In this section, we show the dataset structure.
marqo-gs-dataset/
├── marqo_gs_full_10m/
│ ├── corpus_1.json
│ ├── corpus_2.json
│ ├── query_0_product_id_0.csv
│ ├── query_0_product_id_0_gt_dev.json
│ ├── query_0_product_id_0_gt_test.json
│ ├── query_0_product_id_0_queries.json
│ ├── query_0_product_id_1.csv
│ ├── query_0_product_id_1_gt_dev.json
│ ├── query_0_product_id_1_gt_test.json
│ ├── query_0_product_id_1_queries.json
│ ├── query_1_product_id_0.csv
│ ├── query_1_product_id_0_gt_dev.json
│ ├── query_1_product_id_0_gt_test.json
│ ├── query_1_product_id_0_queries.json
│ ├── query_1_product_id_1.csv
│ ├── query_1_product_id_1_gt_dev.json
│ ├── query_1_product_id_1_gt_test.json
│ └── query_1_product_id_1_queries.json
├── marqo_gs_fashion_5m/
├── marqo_gs_wfash_1m/
For each dataset such as marqo_gs_full_10m, there are 4 splits as discussed before.

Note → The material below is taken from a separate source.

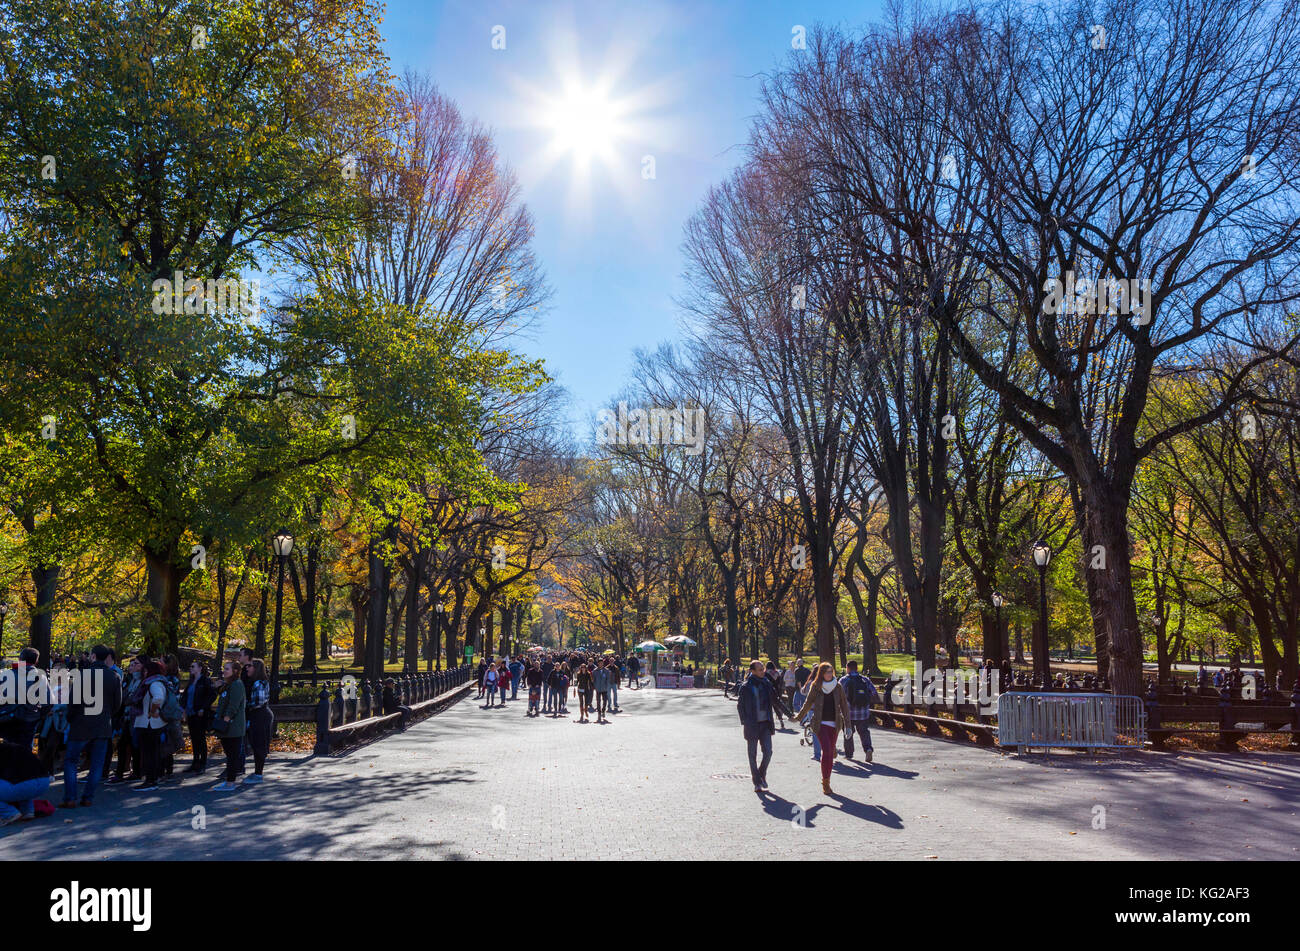 El Mall, Central Park, New York City, NY, EE.UU. Imagen De Stock

The Marqo-GS-10M dataset is available for direct download. This dataset is pivotal for training and benchmarking in Generalized Contrastive Learning (GCL) frameworks and other multi-modal fine-grained ranking tasks.
Visualization of the collected triplet dataset containing search queries (top row), documents and scores, showcasing thumbnails of returned products with scores that decrease linearly according to their positions.

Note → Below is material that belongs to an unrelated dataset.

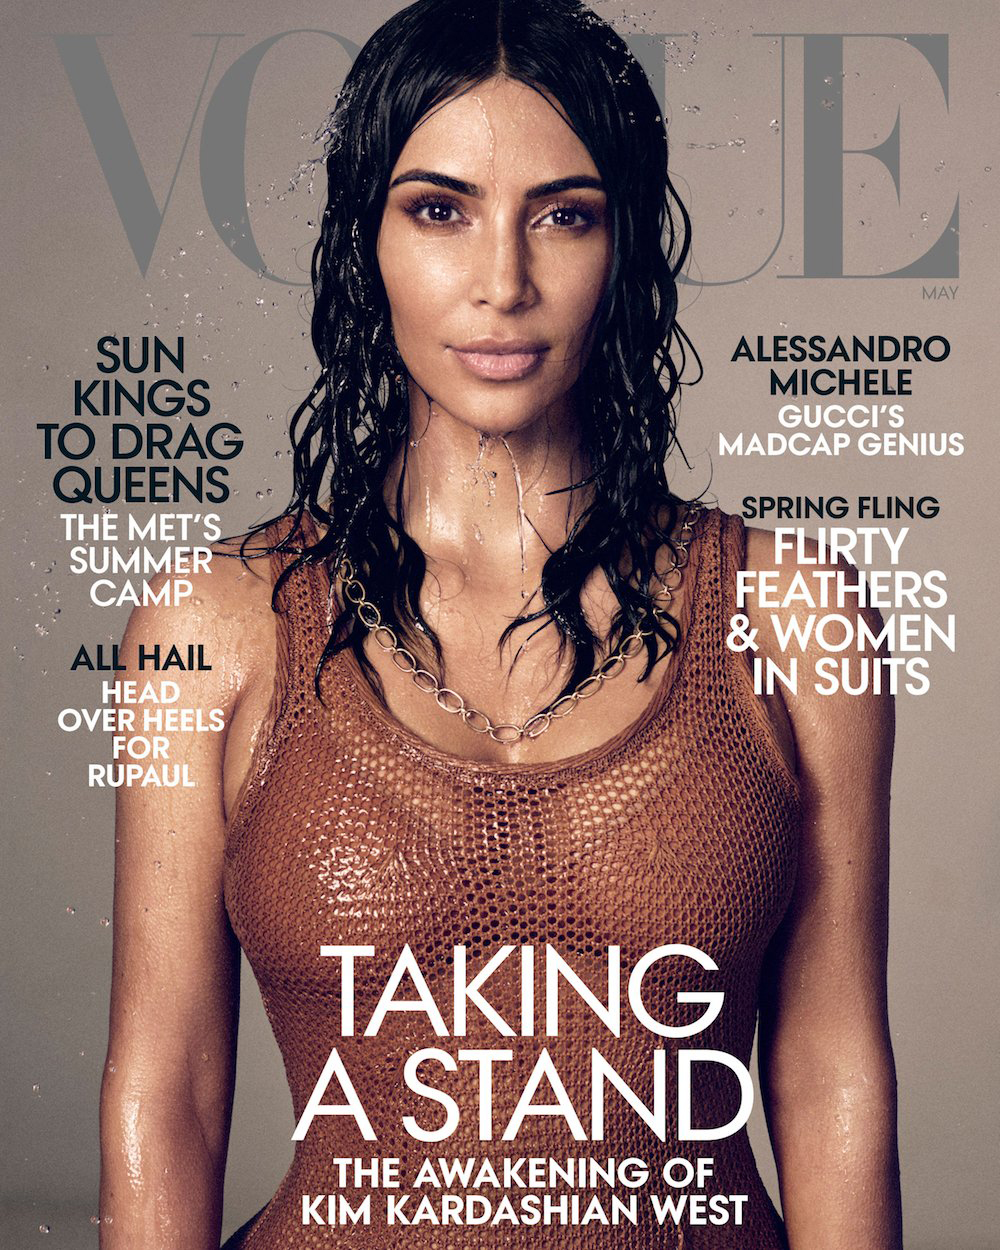 Kim-Kardashian-May-2019-Vogue-Cover

conda create -n gcl python=3.8
conda activate gcl
conda install pytorch==1.13.1 torchvision==0.14.1 torchaudio==0.13.1 pytorch-cuda=11.7 -c pytorch -c nvidia
pip install jupyterlab pandas matplotlib beir pytrec_eval braceexpand webdataset wandb notebook open_clip_torch
pip install --force-reinstall numpy==1.23.2
python change_image_paths.py /dataset/csv/dir/path /image/root/path
# Example:
python change_image_paths.py /data/marqo-gs-dataset/marqo_gs_wfash_1m /data/marqo-gs-dataset/images_wfash
bash ./scripts/eval-vitb32-ckpt.sh
Overview of our Generalized Contrastive Learning (GCL) approach. GCL integrates ranking information alongside multiple input fields for each sample (e.g., title and image) across both left-hand-side (LHS) and right-hand-side (RHS). Ground-truth ranking scores are transformed into weights, which are used for computing contrastive losses, ensuring that pairs with higher weights incur greater penalties. Please refer to the paper for full explanation.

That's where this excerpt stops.